David W. Oesting, Partner in Charge, Alaska Office
Davis Wright Tremaine LLP
Suite 800
701 West Eighth Avenue
Anchorage, AK 99501-3408
Dear Mr. Oesting:
I was greatly dismayed to read today that the 9th U.S. Circuit Court of Appeals ruled that ExxonMobil should now be responsible for paying only half of the five billion dollars in punitive damages it was originally ordered to pay after the Valdez oil spill of 1989. The incident is most likely not still fresh on everyone’s mind, but I still avoid pulling into Exxon stations, heeding the boycott that was called for so many years ago.

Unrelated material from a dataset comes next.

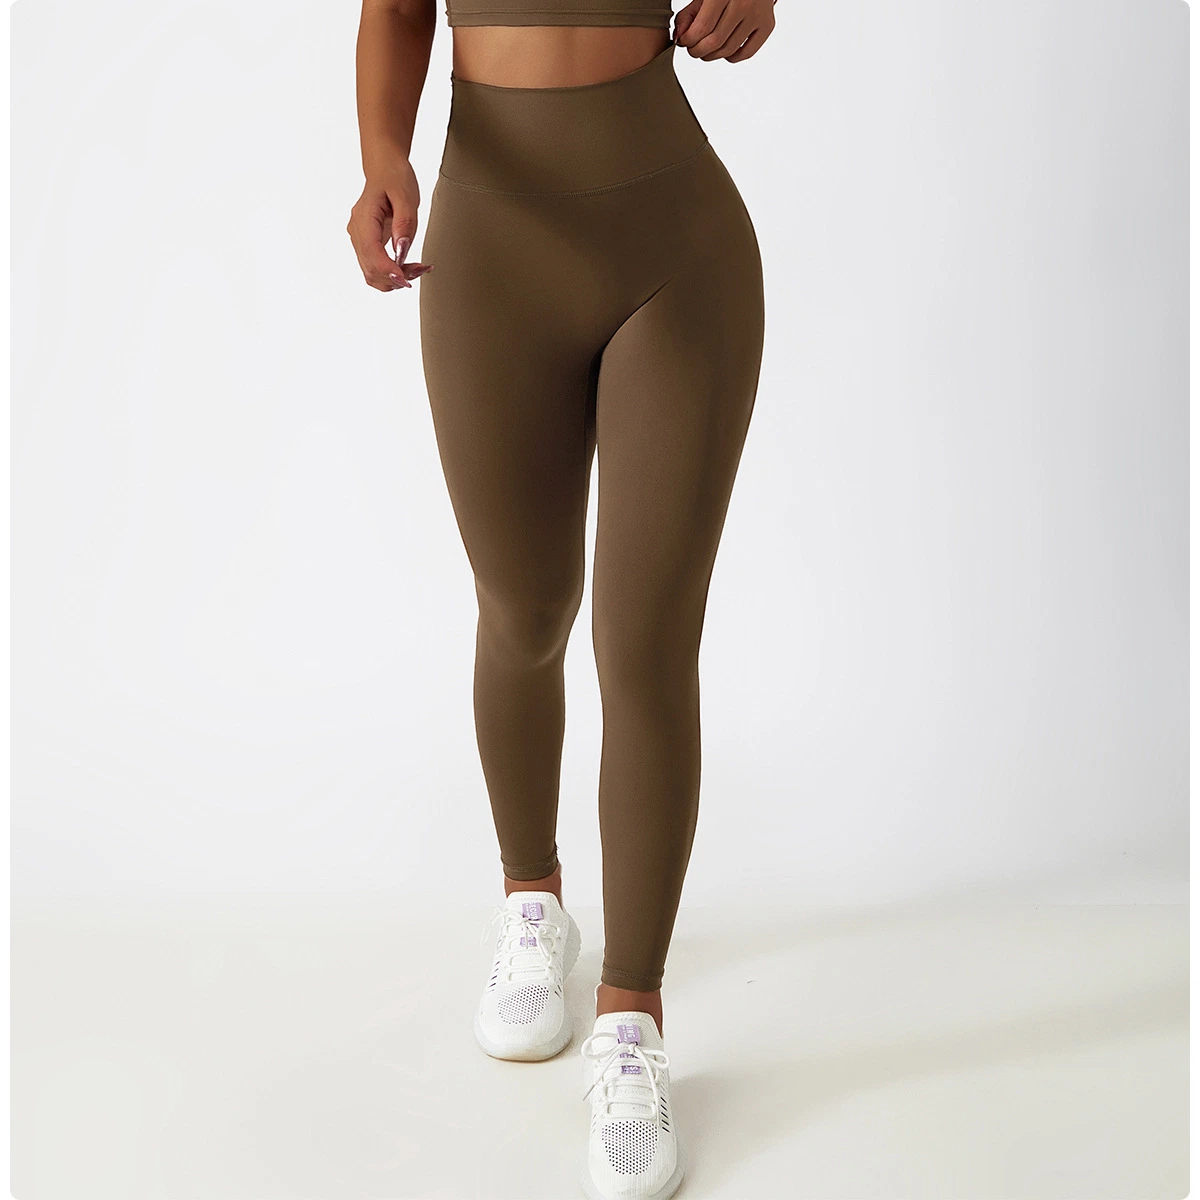 Großhandel/Lieferant solide Farbe sofort lieferbar Mädchen Yoga Hosen Fitness Leggings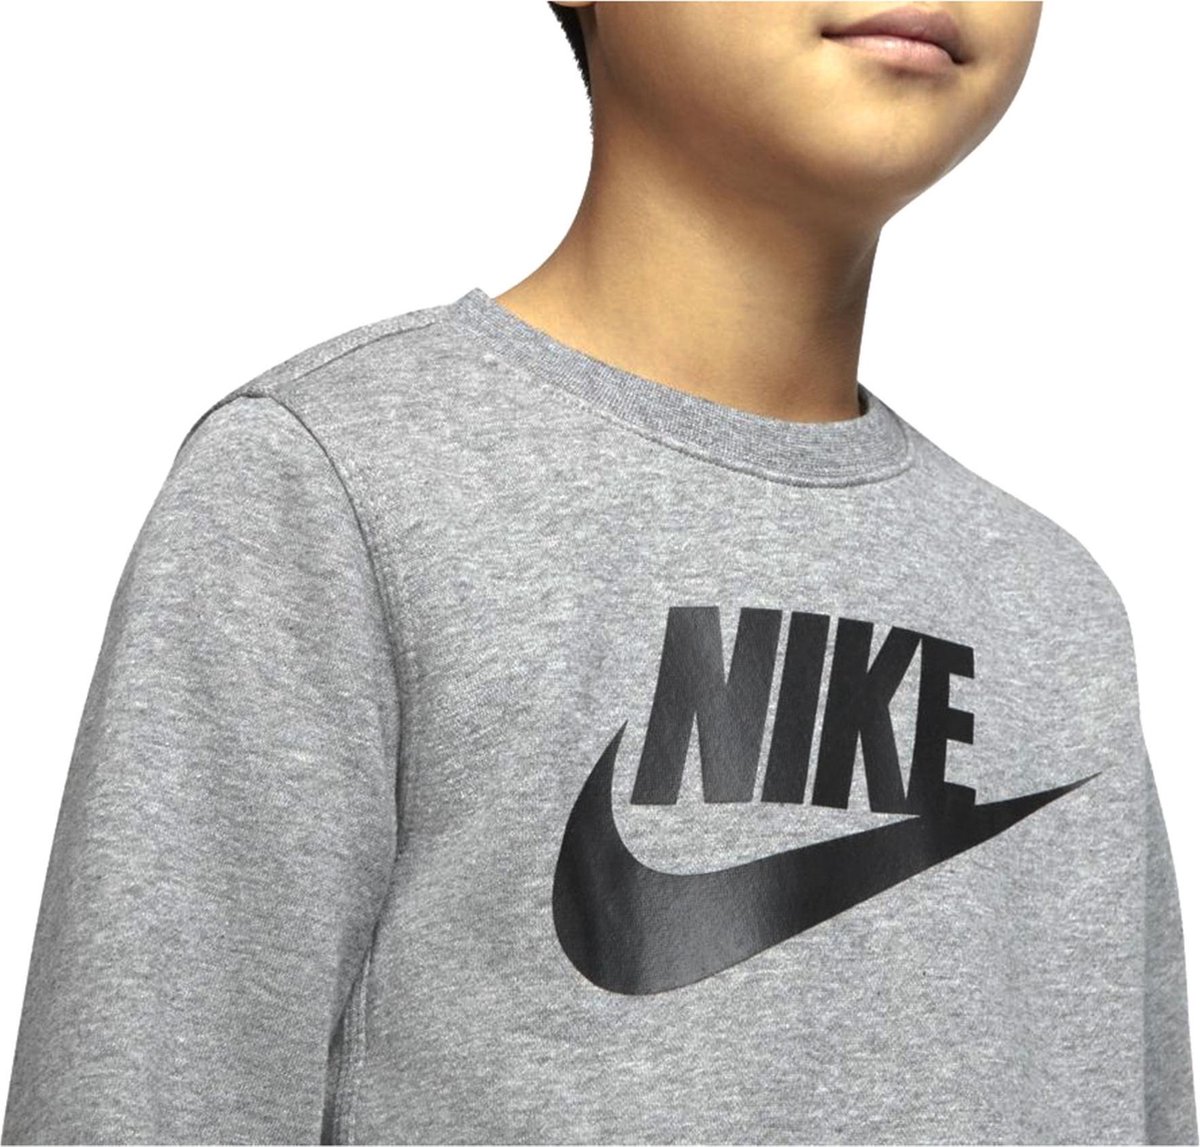 Nike Trui - Jongens - grijs,zwart | bol

The reasoning that representatives for Exxon are using is outrageous. According to an Associated Press report, the Supreme Court contends that punitive damages “usually” can not amount to “more than nine times the general damages.” I would think that oil companies must prove an exception to this. One of the purposes of awarding punitive damages, as I understand it, is to punish the offending party, to make the ruling sting a bit. When a company has such unprecedented amounts of money rolling in as the big oil companies currently do, an unusually high award in damages is necessary to make it sting. If Exxon was not driven to fight this in the courts, that would be a sign that the award was not high enough.
The Supreme court ruling regarding the limits on punitive damages reportedly went into effect in 2003. I would be very curious to know whether lobbyists for big oil were pushing for that one. It would be right in line with the tradition of high-profit industries seeking the government’s protection against having to be responsible to the public for any damage they may cause. Is anyone trying to get that ruling reversed?
I wish you luck in your efforts to seek justice in this matter.